Autumn is a wonderful time of year. I love the brisk breezes, the occasional brilliant sunshine and the golden-yellow leaves drifting slowly to the ground. It is also, the time when acorns fall. Of course, the acorns often get a little help. The Eastern Gray Squirrels and the Steller's Jays are aggressively searching, plucking and stashing this year's bounty. Their current effort is an investment which will be critical to their survival during the short, dark days of winter, when the leaves are gone and the oak trees look lifeless and bare.

For me, this means it is time to resume my quest for a photo of a sunlit, brilliant blue Steller's Jay highlighted against a background of orange and yellow leaves. The preceding photo is my best attempt of 2018. Hopefully, I will catch an even brighter shot before the leaves are gone.

I suspect their raucous, rapid-fire call is the most prominent memory many people have of a Steller's Jay. However, what strikes me the most is their quiet, inquisitive intelligence.

I find it impossible to watch a Steller's Jay without being impressed by the way they evaluate their opportunities. 


As they search for acorns they appear to be debating things like the maturity of the nut, the best angle of approach and possibly the size of the prize. 

Sometimes I wonder if we studied the world as carefully as a Steller's Jay, would we make better choices? They not only study their world - they remember. If they hide just one or two acorns, for each day of the coming winter, then they will need to remember over one hundred different storage locations. What a memory!

The search for winter provisions hits high gear in early October. The jays start out in the treetops and as the month proceeds they slowly descend. 

Toward the end of the month, as the elevated acorns disappear, the jays spend more and more time on the ground - flicking leaves to the side and searching for hidden nuggets of nourishment.

Birds of North American Online* says that the sexes are similar with one exception. The dark barring on their wings and tails is fainter and thinner on females.

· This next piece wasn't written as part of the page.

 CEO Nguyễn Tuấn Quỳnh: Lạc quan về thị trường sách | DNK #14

Notice the faint barring on the tail of this bird versus the darker barring on the bird's tail in the next photo below.

A special, Thank You!, to Susan and Ralph for enabling access to take this photo.

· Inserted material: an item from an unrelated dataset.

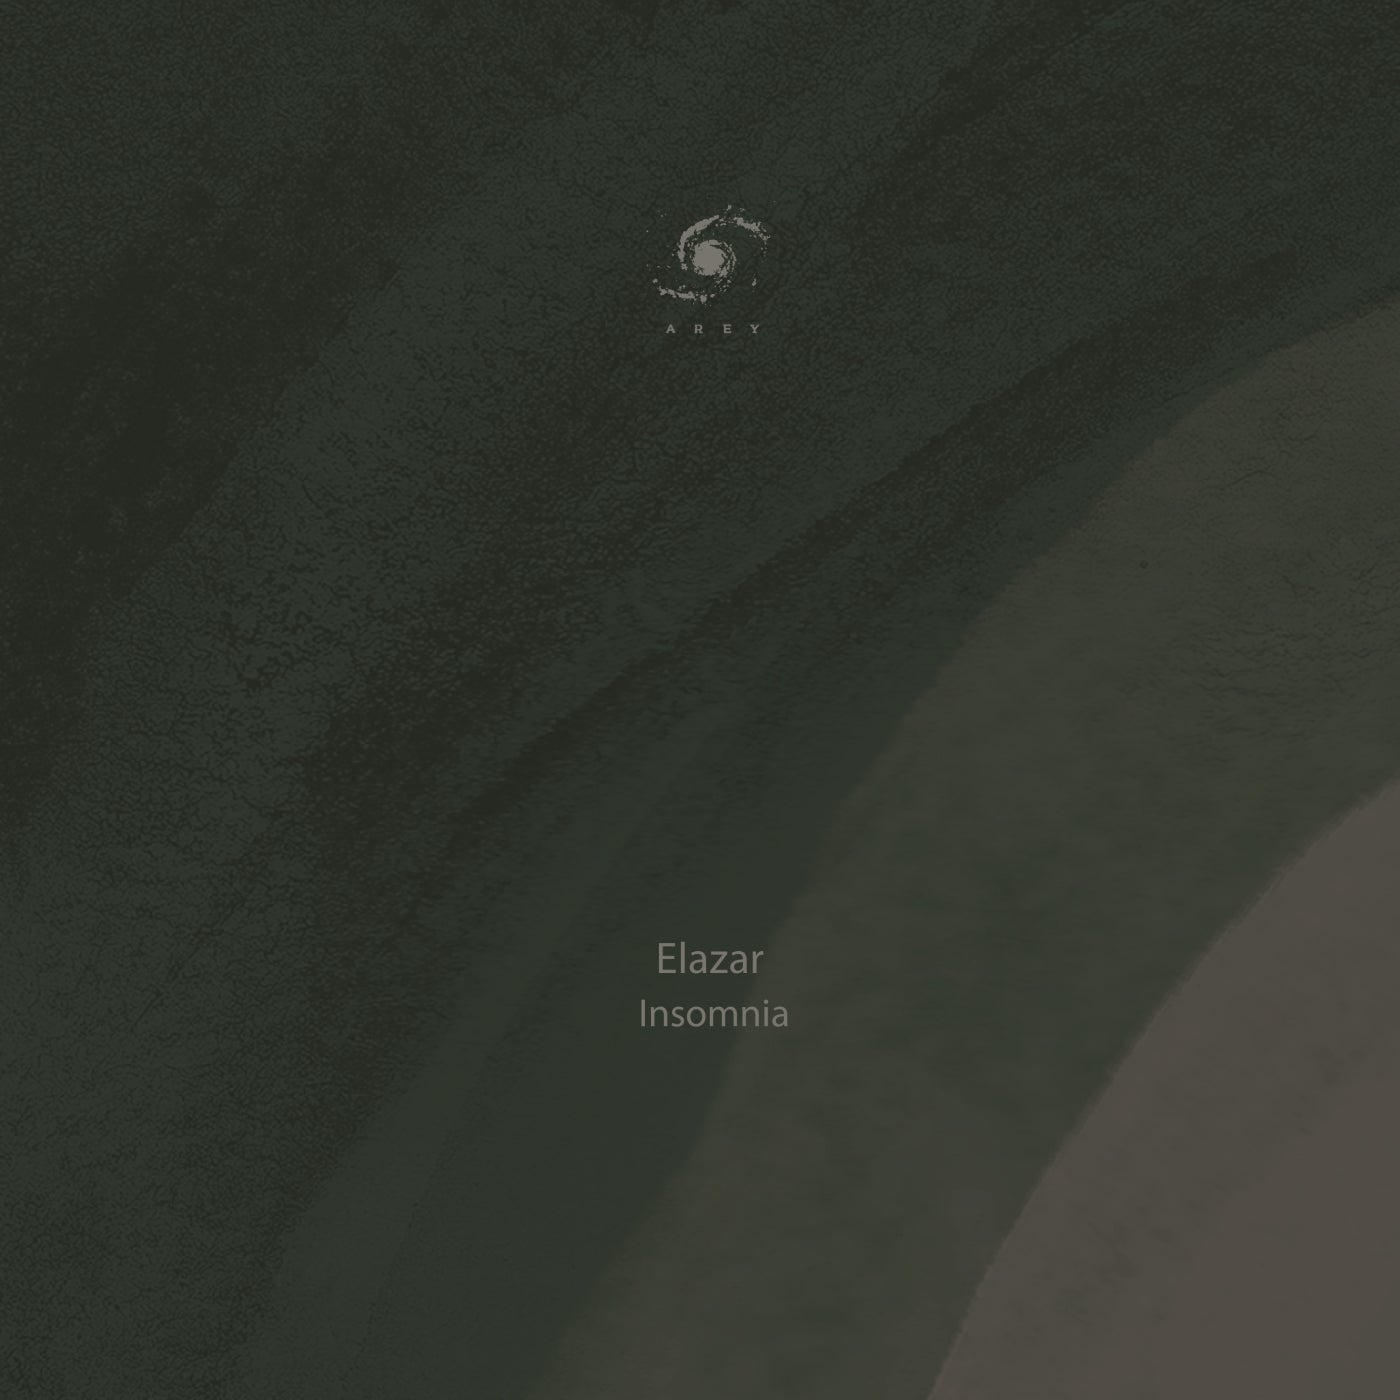 Elazar – Insomnia [AR313]

Steller's Jays are normally very careful birds and will often flush if you just look at them. Earlier in the year, I felt very lucky to catch this photo of one sunning-itself on the ground.

By the middle of the October, the upper acorns have been seriously depleted and the jays tend to spend more time in the lower branches, getting ever closer to eye level.

One by one, the acorns are plucked and carried away.

If you could zoom in enough you would see that this bird has a whole unshelled acorn in the back of its mouth.

At this angle, the whitish-grey goatee, below the bill, is protruding as well. As I watched the Steller's Jays this week I realized they were partially swallowing whole unshelled acorns in order to transport them and cache them for winter consumption. I suspect that this bird already had at least one acorn in its throat when it added another.

This photo also displays the two light blue steaks on the Steller's Jays forehead. In the 'Rocky Mountain' subspecies, these streaks are usually white.

As I watched more closely, I started to notice more jays with protruding throats.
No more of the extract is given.